» EXERCISE
All of the data, except its images, should be set down exactly as it appears.

» GIVEN DATA
————————

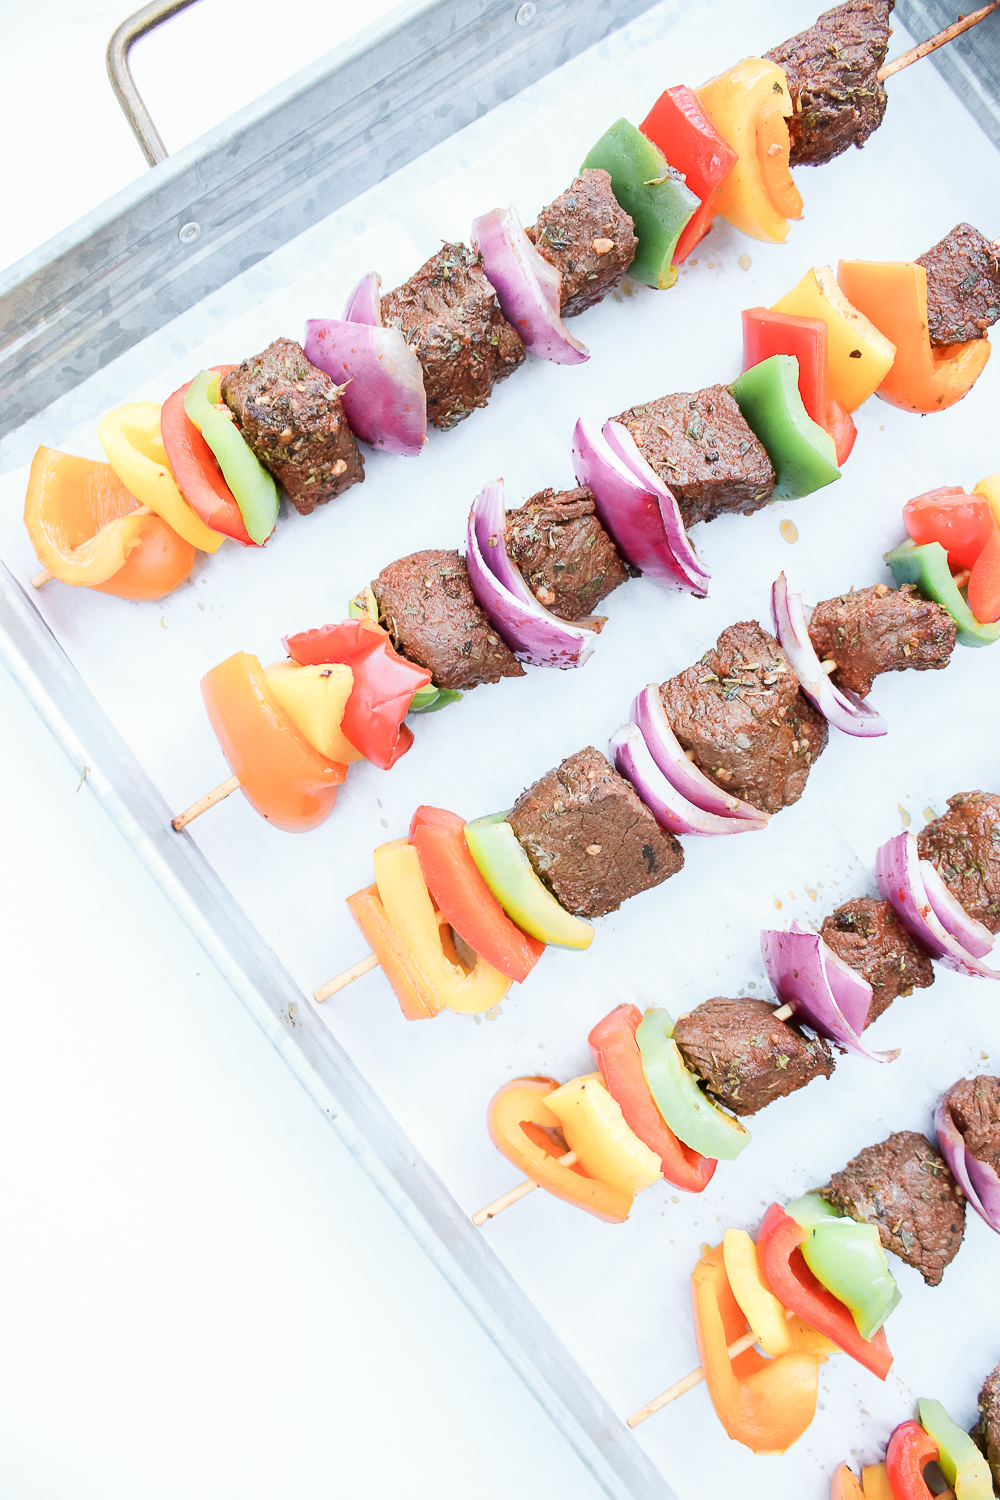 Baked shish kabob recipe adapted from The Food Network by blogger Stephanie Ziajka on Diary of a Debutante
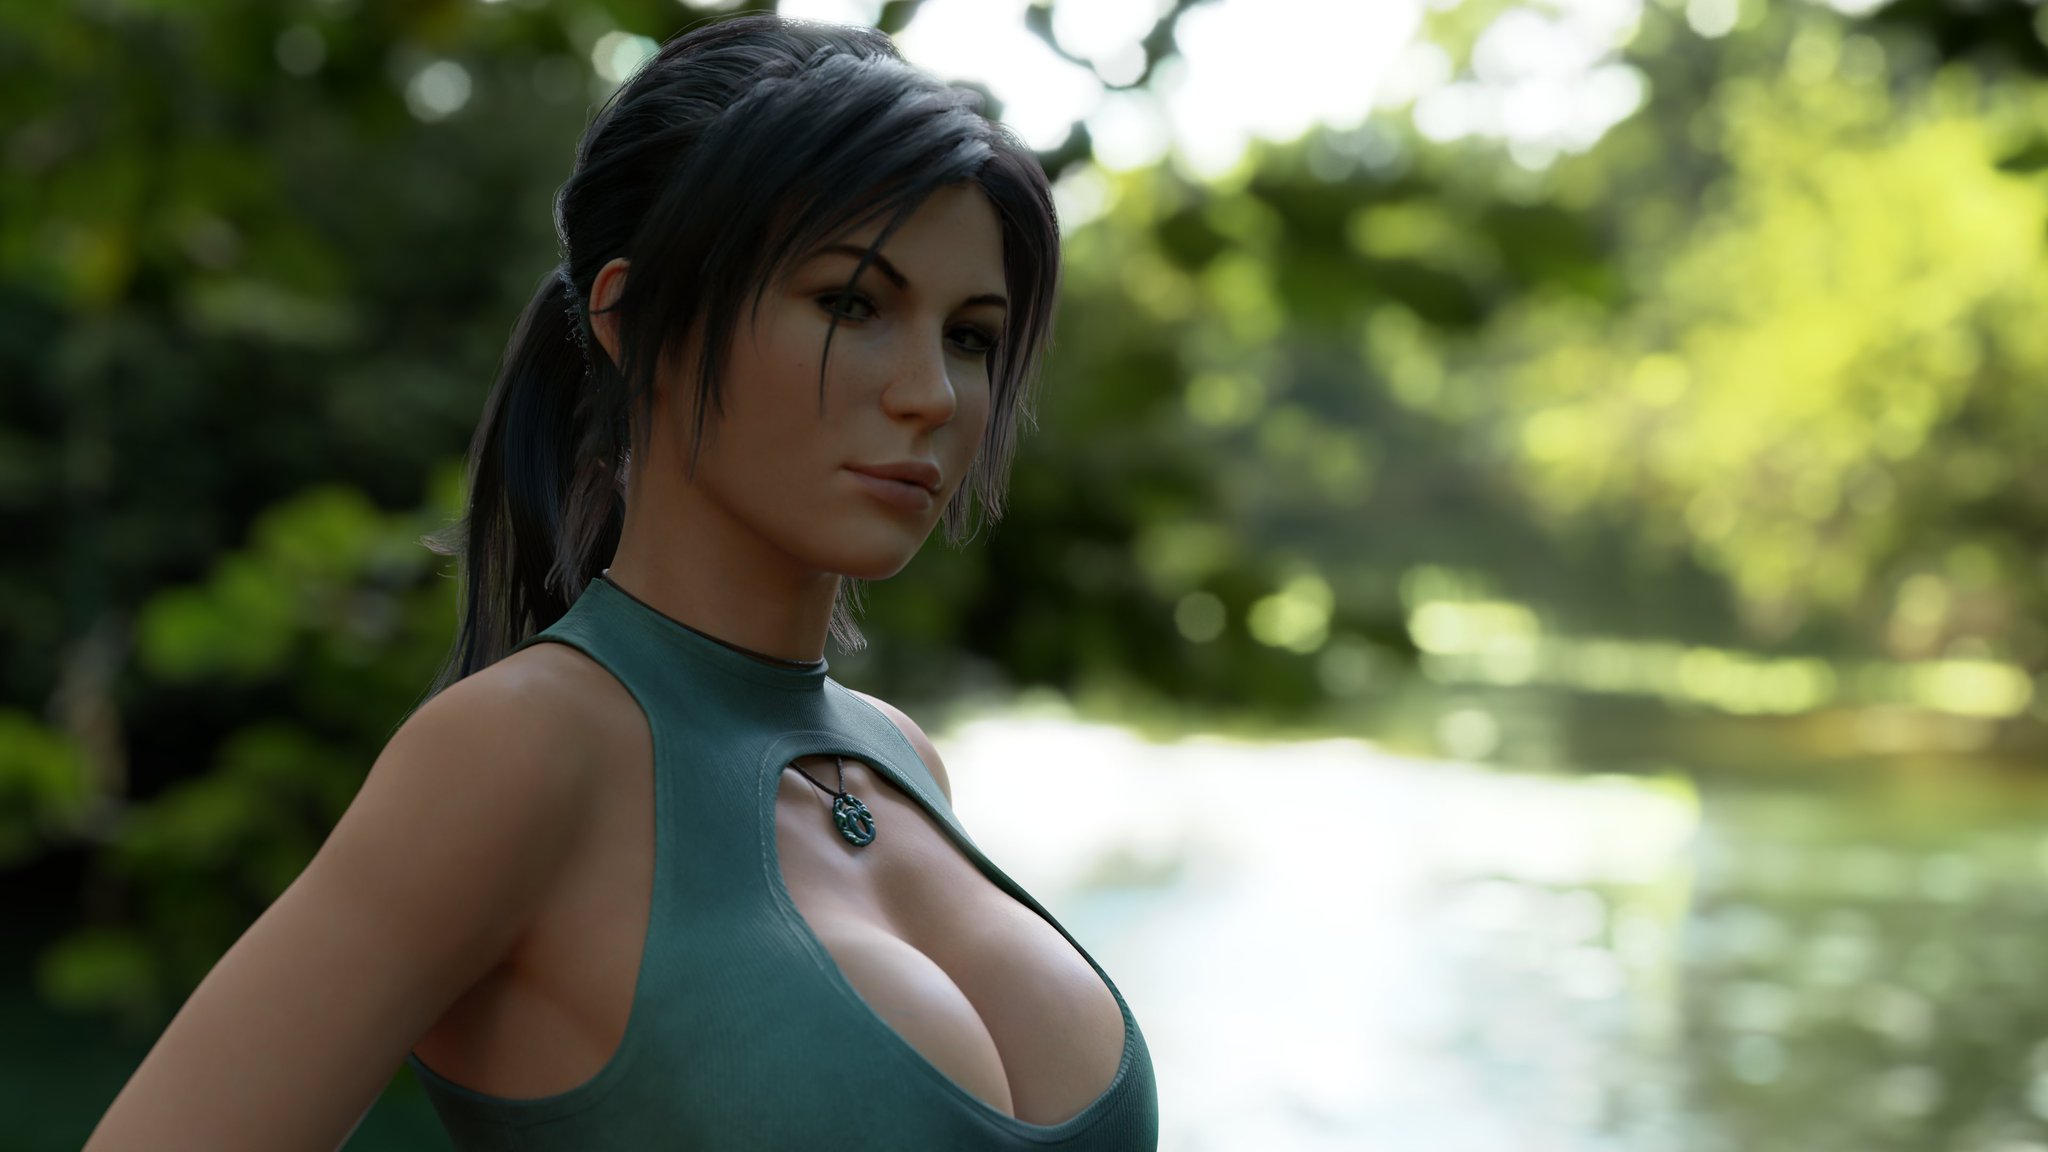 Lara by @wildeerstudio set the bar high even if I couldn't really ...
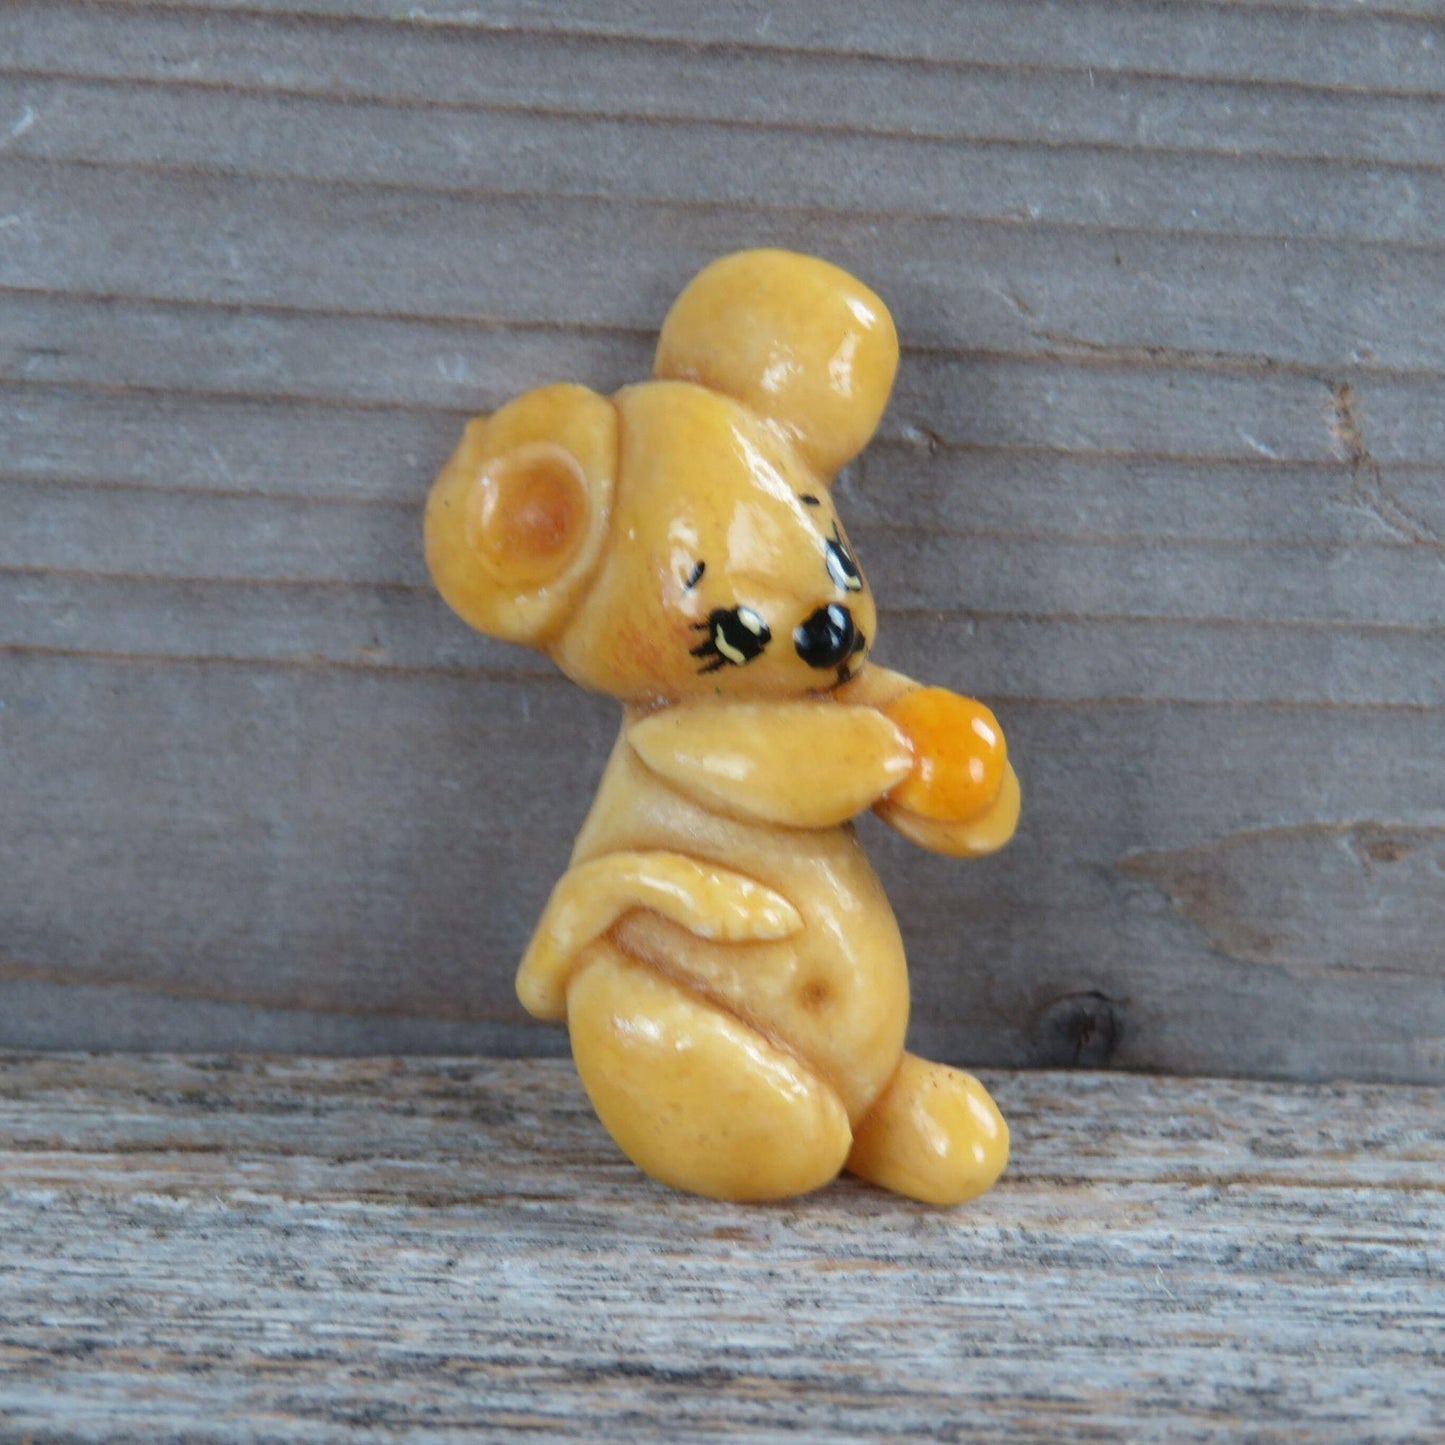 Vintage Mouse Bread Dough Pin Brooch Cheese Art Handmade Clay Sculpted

————————

» WRITTEN RESPONSE
 Baked shish kabob recipe adapted from The Food Network by blogger Stephanie Ziajka on Diary of a Debutante
 Lara by @wildeerstudio set the bar high even if I couldn't really ...
 Vintage Mouse Bread Dough Pin Brooch Cheese Art Handmade Clay Sculpted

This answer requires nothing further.